Hey, I've had my laptop for some 12months now. When I booted it today I had some BIOS thing pop up and a quick read said something about erasing(I think) data, don't know what it was so I hit the power button. When I tried booting it again absolutely nothing happens.

When I boot it I can see the lights flash for HDD and so on but the screen never turns on. I can't hear any beep or see the BIOS pop up, I don't think it's loading up Windows(7-64, Ult) either. I have no idea what this is as I've never encountered it before. (I'm used to using desktops and know how to fix the most common problems and so on, only laptops doesn't really allow you to open it up as easy and look around).

Does anyone have any ideas or might help me (I hope you know Asus laptops too, I didn't see it in forum description :S)

I've tried removing battery, and empty static electicity. I've also tried reseating the RAM as well as booting without a HDD. However it makes no difference.
I really doubt it's a hardware problem as it worked fine the minute before I was stupid enough to shut it down while the BIOS was doing something.

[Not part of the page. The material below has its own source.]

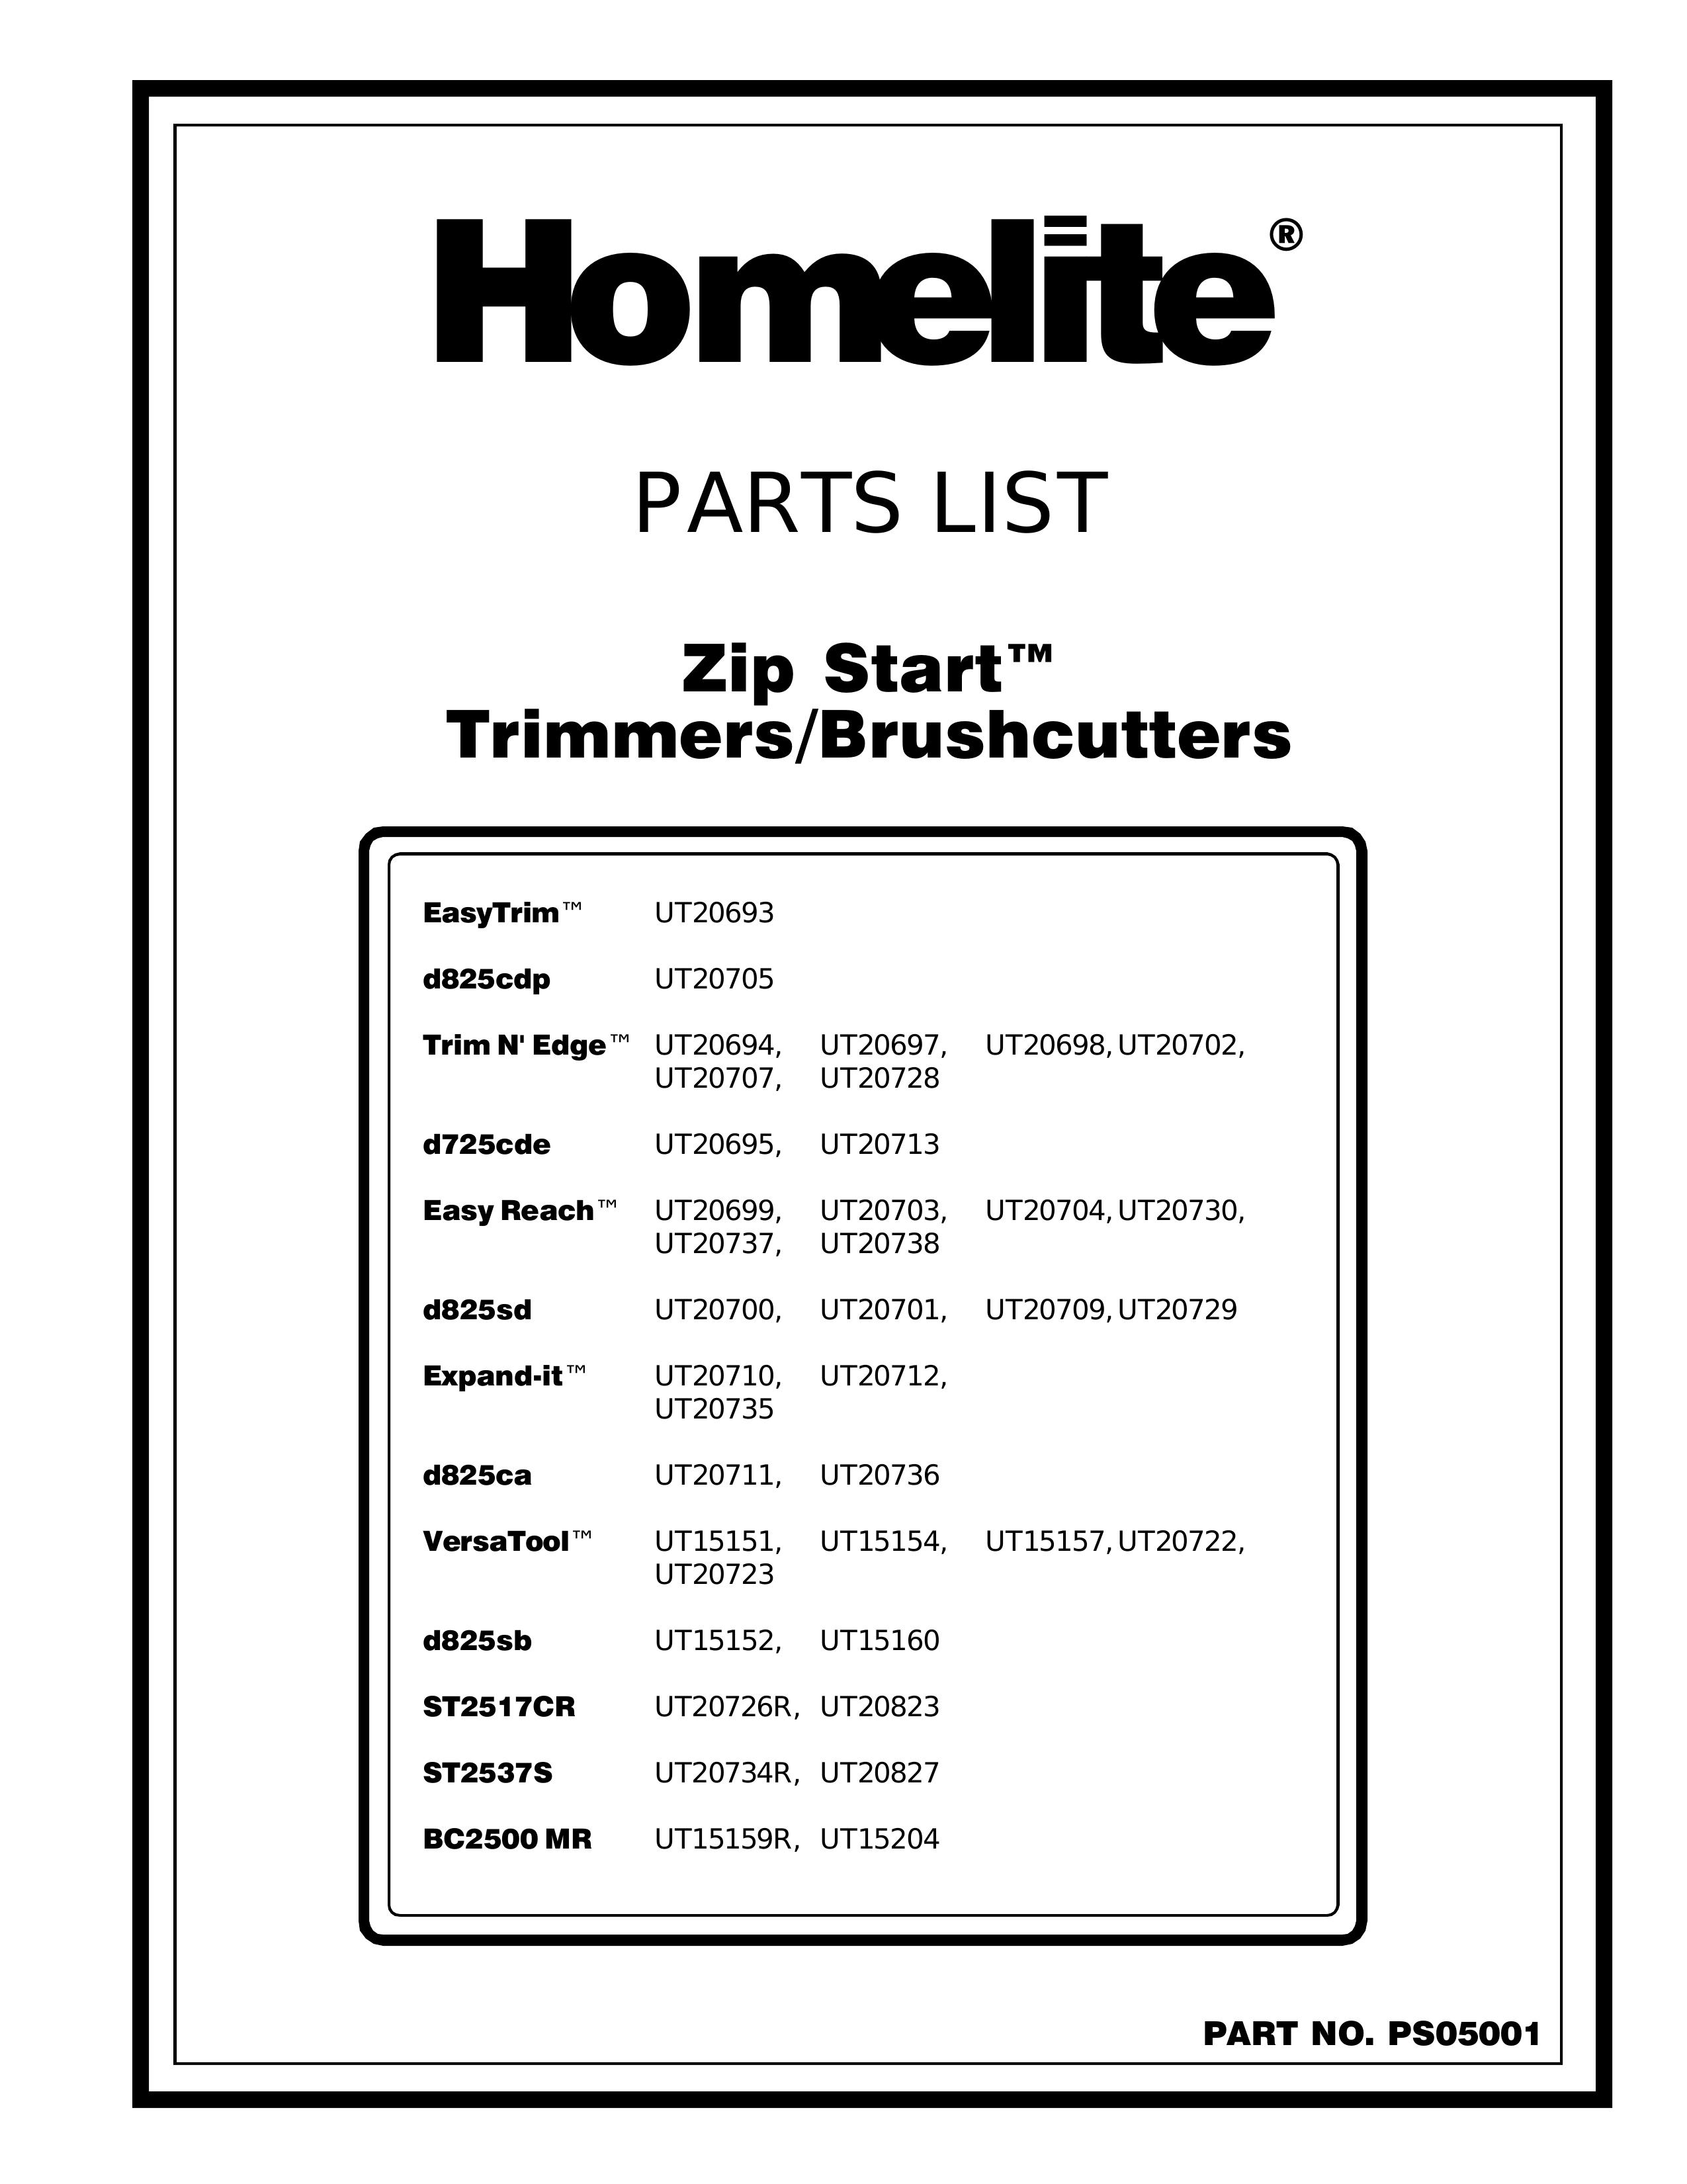 Homelite UT20729 Brush Cutter User Manual

Like I said the lights show up and so on, I tried the DVD Drive and it works too. It's only the screen never turns on so nothing really happens.

So does anyone in here have any idea to what it could be or how I could fix it?

Note: I read the guide about how to fix black screen, I didn't go past the reseat CPU part as I really doubt it's a hardware problem. Plus it being very hard to open up.

Model: Asus A42JA-VX068V
"MB Model" : K42JA


----------



## Rits (Dec 29, 2011)

It seems you have cancelled the BIOS update by hitting the power button which might have corrupted the BIOS. 

Did you tried getting in to bios by pressing del key at the start up or safe mode?


----------



## PeppeJ (Apr 16, 2012)

I just tried to press the Del key during startup but nothing happens.


----------



## Rits (Dec 29, 2011)

It seems issue with BIOS. I suggest you to install the BIOS using your computer cd which came with your ASUS computer.


----------



## PeppeJ (Apr 16, 2012)

Well I can't get the BIOS up as I said before, nothing pops up on the monitor.


----------



## Rits (Dec 29, 2011)

Restart yourt computer and start pressing f8 key to get in to advance boot options.


----------



## Rits (Dec 29, 2011)

You may need to reset the cmos battery.

Is your notebook model:

ASUS - Notebooks- ASUS K42JA

if yes, download manual to reser cmos using above link


----------



## PeppeJ (Apr 16, 2012)

I downloaded the manual and looked through it but it doesn't say how to reset the CMOS Battery for some reason, I think my chances are bigger to hand it in for service as I've still got warranty. There's a chance now that I've been looking around that it might be the Graphics Card that's not working and not BIOS at all.

What's really odd though is if I remove RAM / HDD it doesn't beep.


----------



## Rits (Dec 29, 2011)

If your laptop is under warranty then I recommend you to get it serviced.


----------